# Broadband -Phone , Whats my options ?



## Mixednuts (16 Dec 2008)

Hi,
A few months ago I got NTL 10MB Broadband at home but I also got rid of Eircom phone (never used , company mobiles , so did not justify paying line rental only ).

The thing is the boss (wife) would like a phone back in the house , please dont ask as I have the bruises to prove I put up a fight .
My question is this ....

What would be the best a cheapest method of getting a phone line .Eircom back ? Broadband ?

All advice Welcome .

M


----------



## Wexfordman (17 Dec 2008)

I second that, been using blueface for 2 years now, I have a wireless broadband provider, so got rid of eircom line altogether. 129 euro for all your uk and irl landline calls, cant be beat, another bery happy customer.

Try download the softfone trial from their website to see how it works, although you wont have as good quality with this compared to a hardware ata solution, but for the sake of the trial.

I have a sister lives in switzerland also, with blueface, a dublin phone number, fantastic!!

Wexfordman


----------



## AlbacoreA (17 Dec 2008)

I had Blueface but it didn't work well on my dodgy NTL connection. The NTL VOIP worked much better, because (AFAIK) NTL give their own VOIP preference on their network. that said its not as good as a regular ATA phone.


----------



## dub_nerd (18 Dec 2008)

I'd say BE CAREFUL. Experiment before you commit to anything, especially anything that costs money. VoIP is fantastic ... IF IT WORKS! (I use it from two home locations ... perfect in one, very dodgy and intermittent in the other).

Don't assume it's working just because you get one good phone call either. Look for consistency across a couple of weeks, different times of day. When you are happy with soft phone experimentation, consider hardware options. (I use Siemens S685 IP Dect phones, but there are many choices, and a plain old 40 quid ATA may suit you just fine).

There are literally THOUSANDS of VoIP providers you could use. Don't assume you have to use an Irish one. I hear good reports of Blueface -- good customer service. I found Freespeech.ie cheaper, but then they stopped supporting free incoming VoIP numbers. Still worth a look depending on your needs.

*DO* look at the Betamax family of providers.

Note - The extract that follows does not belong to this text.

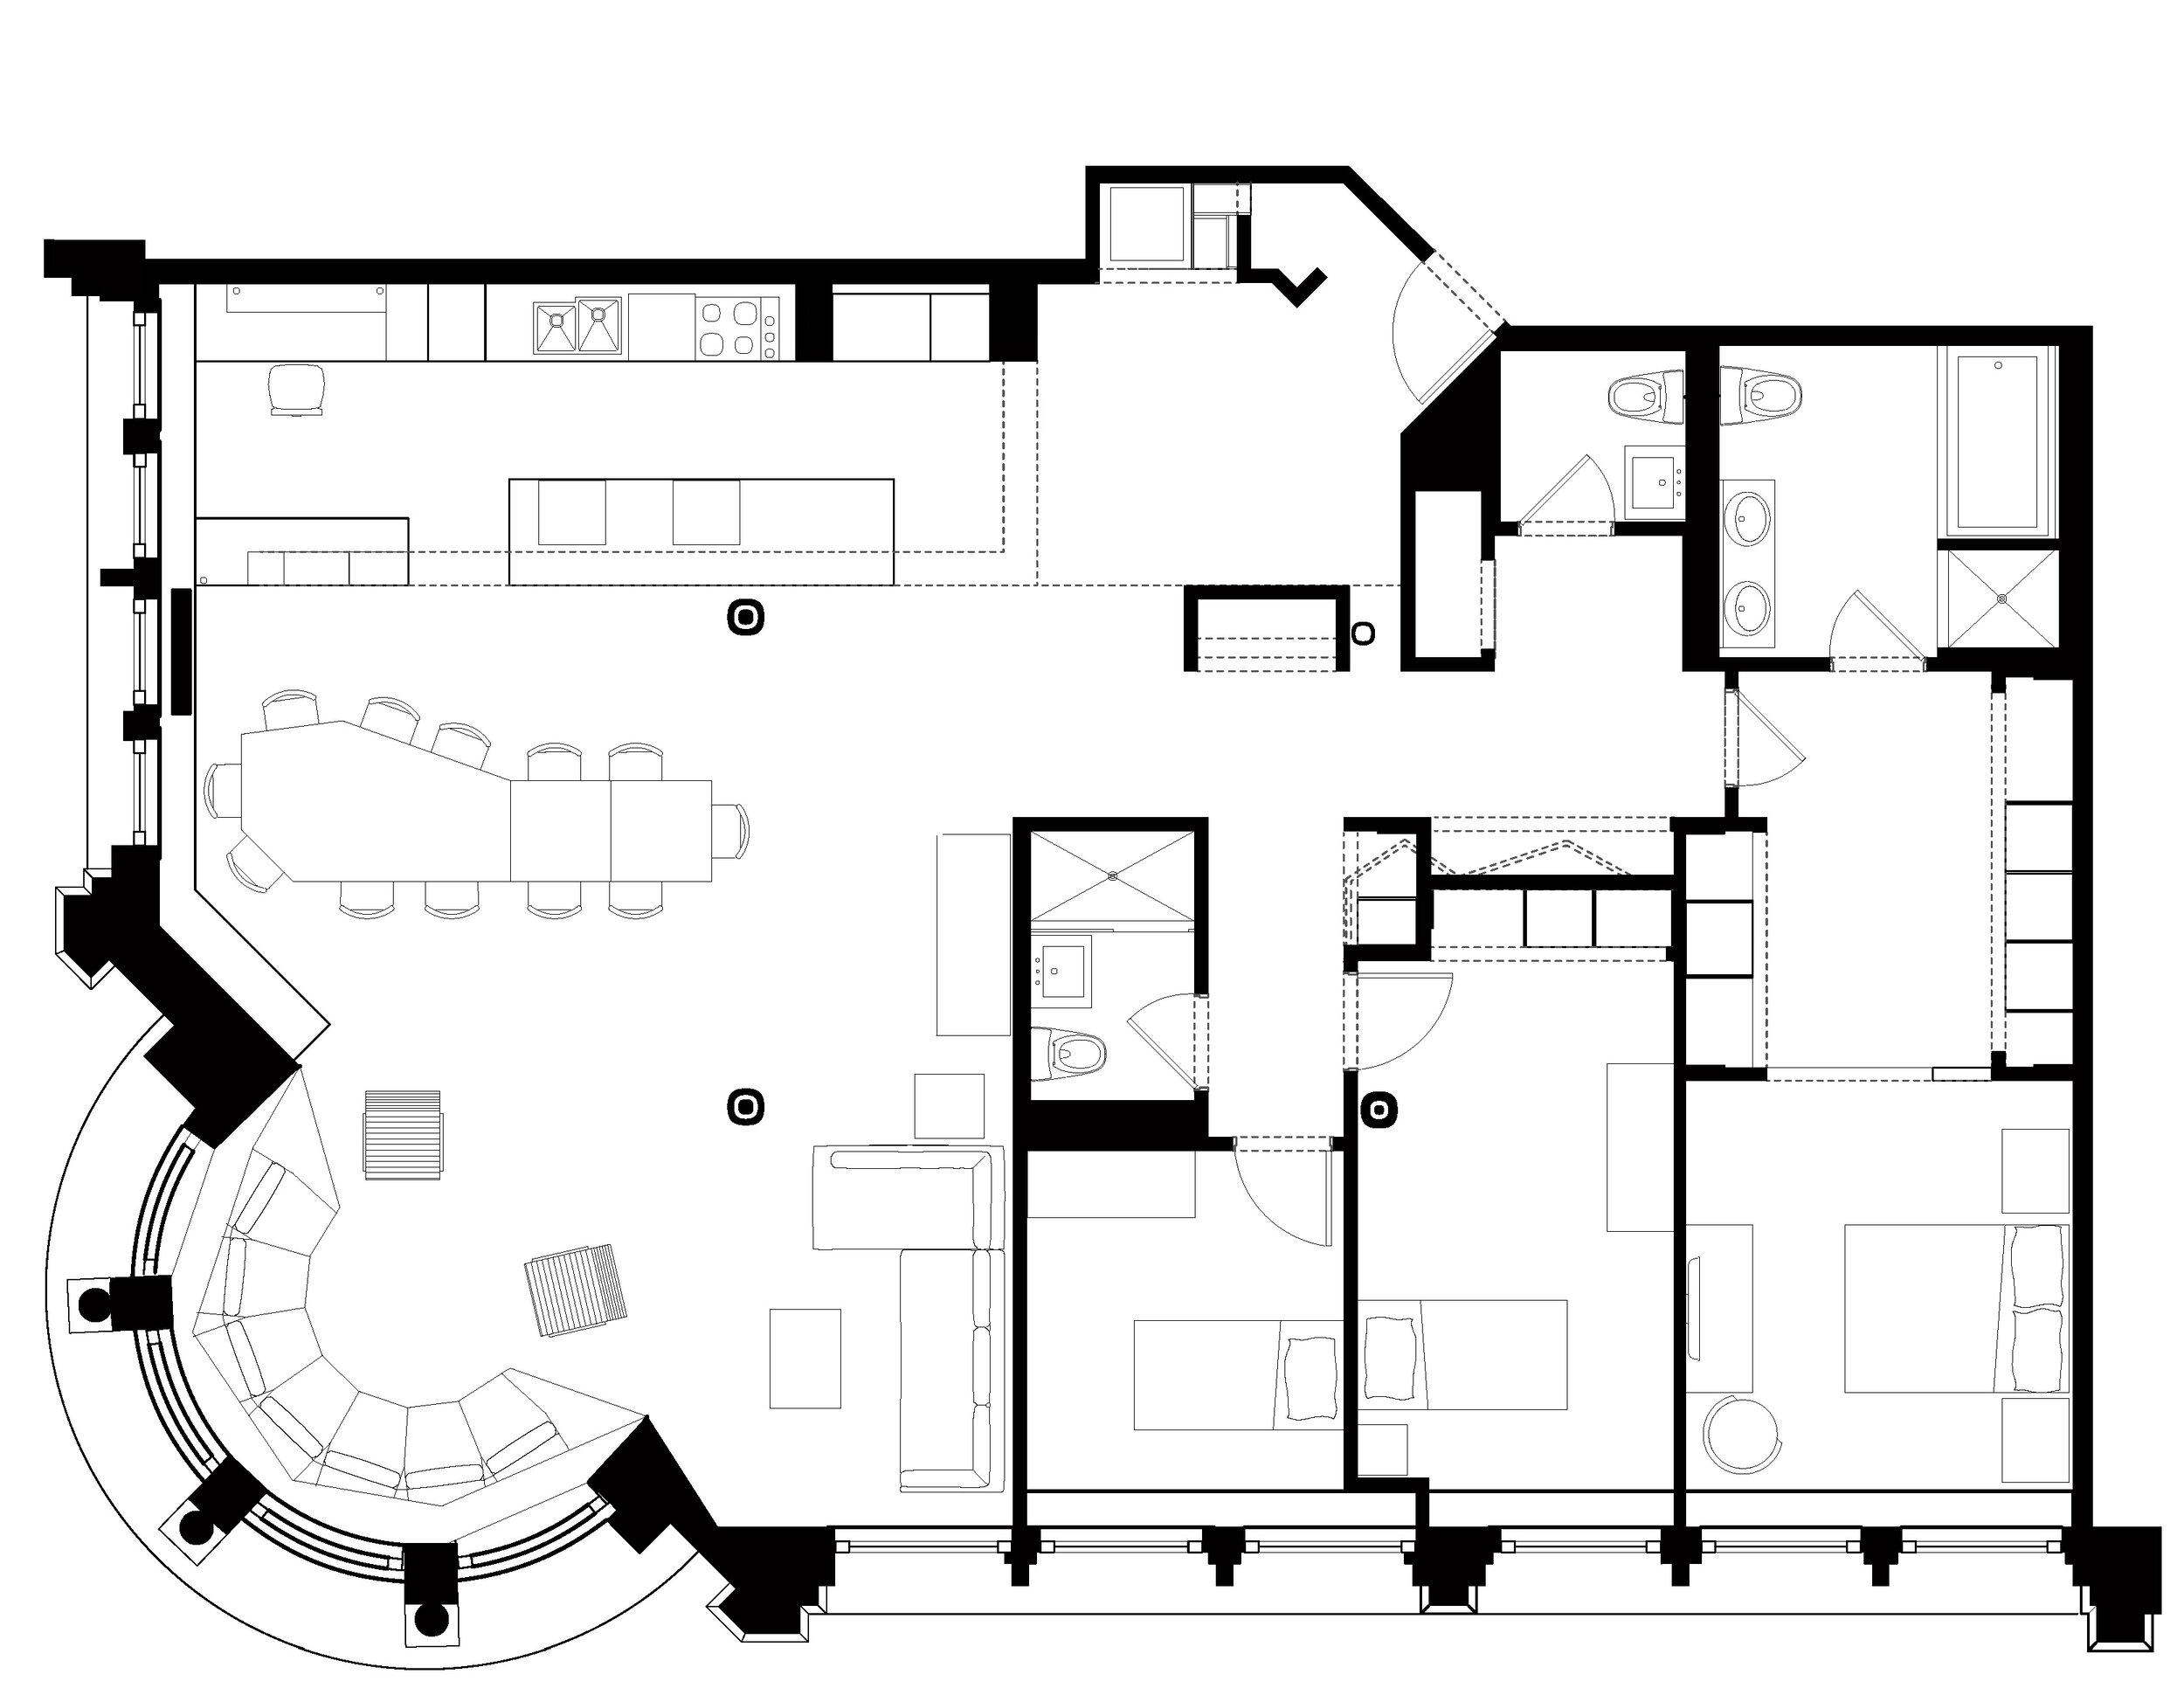 02_Floor plan.jpg

They are all basically the same shadowy Swiss company called Finarea ... it's just they differ slightly on price. Mostly it's down to a choice of completely free phone calls to most countries' landlines and slightly more expensive to mobiles (but still cheaper than you will get with Irish providers) versus a tiny cost to landlines and even cheaper mobiles. This guy has written a really handy script that generates a Betamax price comparison page that updates every day:

http://backsla.sh/betamax

Again, experiment before committing. I personally use poivy.com ... I have reduced the calls part of my phone bill from approx. EUR 300 per bill to approx. zero, replaced by about a fiver a month to poivy. You won't get blueface or freespeech that cheap, but there may be other reasons to go with them, depending on your needs. You will not be able to get a VoIP in number with poivy or other Betamax family providers. However, with something like the Siemens IP phone you can sign up to multiple providers simultaneously. With dialling plans you can use the cheapest service for different destinations automatically, although managing pay-as-you-go payments to multiple providers may get cumbersome. One of your services can host your VoIP in number.

Hope this helps.


----------



## dub_nerd (18 Dec 2008)

I should've mentioned, I have no connection with any of the companies I mentioned.

Again, not wanting to knock blueface because I hear they are very good, but to the person who said they "can't be beat" ... they most certainly can. You have to assess your own needs, but for instance, you can (bizarrely) get calls to Irish mobiles from non-Irish companies at a fraction of what blueface are charging. And you can probably get the equivalent of most of their residential plans for a fraction of those prices too. Many VoIP prices look cheap -- and indeed, many are -- until you shop around ... and realise that you can have your phone calls for literally next to nothing.


----------